A day on the water with Tibbs and his crew provides an interesting look into the Lake Waco blue cat fishery. Running a 25-jug line yields enough blue cats to fill a couple of large ice chests. Otoliths (ear bones) from the fish have growth rings that can be counted to determine the ages of the fish, allowing Tibbs to create a computer model of the catfish population in the lake and determine if the slot limit is workable.

"If it takes 20 years for a fish to get to be 30 inches long, and only 1 percent of the fish in the population get to be that long, maybe the slot limit is not appropriate," he says, "because we are not going to get large numbers of fish into that slot. However, if maybe 5 percent of the population makes it into that slot, that might be acceptable.

"We know a large proportion of the population is going to be vulnerable to harvest, and that's fine. Blue catfish fried in a pan are very tasty. We know that, and what we'd like to have is the best of both worlds, where anglers can catch all the smaller fish they can reasonably use, but still have some left over that get large, and trophy anglers can go out and catch them. We have a good precedent for that in bass fishing. We hope to mimic that success with blue catfish."

REAPING THE REWARDS

Whether you're talking blues, flatheads, or channels, Texas catfish anglers have a bounty to fish for and could have a real battle on their hands. The state-record flathead caught on rod and reel came from Lake Palestine and tipped the scales at 98.5 pounds. The state-record rod and reel blue, 121.5 pounds, came from Lake Texoma. And the state-record channel cat on rod and reel, 36.5 pounds, came from the Pedernales River.

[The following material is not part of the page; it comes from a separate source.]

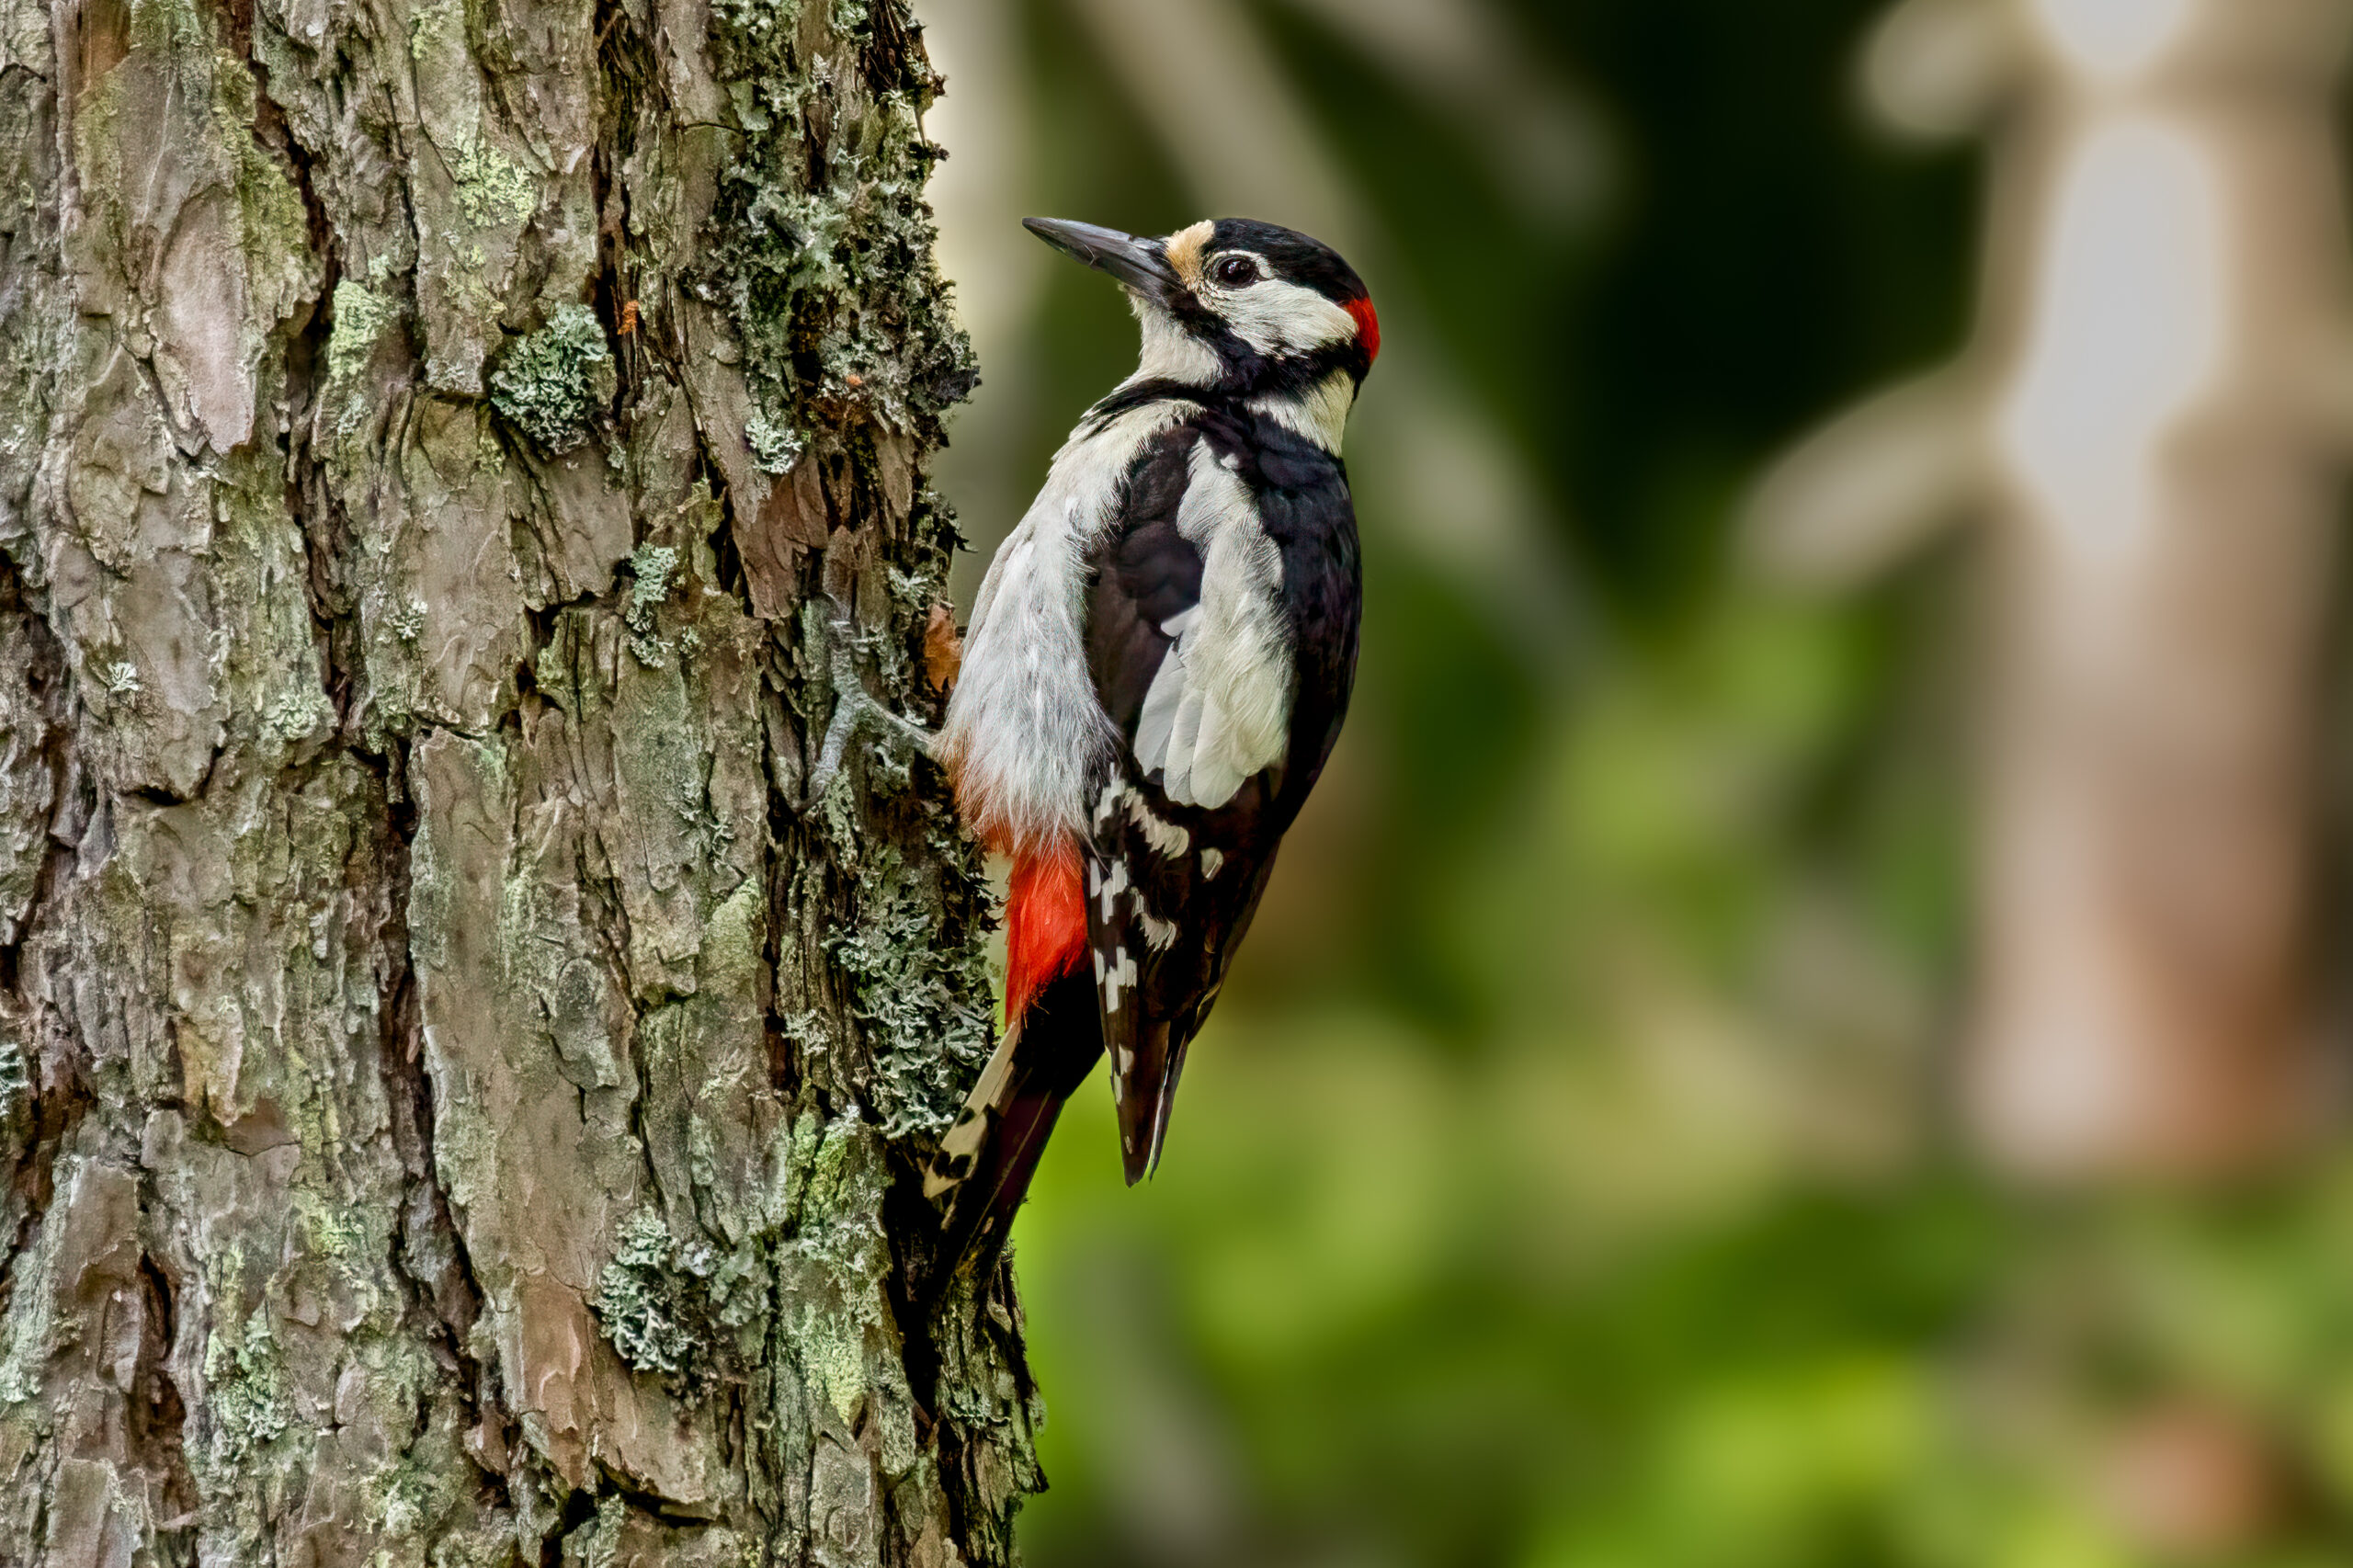 Great Spotted Woodpecker (Dendrocopos major) - Male @ Nittedal, Norway. Photo: Håvard Rosenlund

Trotliners have done well, too. State records on trotline are a 37.07-pound channel cat from Cooper Reservoir, a 114-pound flathead from Lake Livingston, and a 116-pound blue from Lake Texoma.

But me, well, I count as my personal favorite and best eating-catfish trip a four-person 28-fish bag of channel cats from Lake Braunig that filled a 100-quart ice chest to the point that the lid would not close.

They were all trophies in my book: They fought hard and were delicious!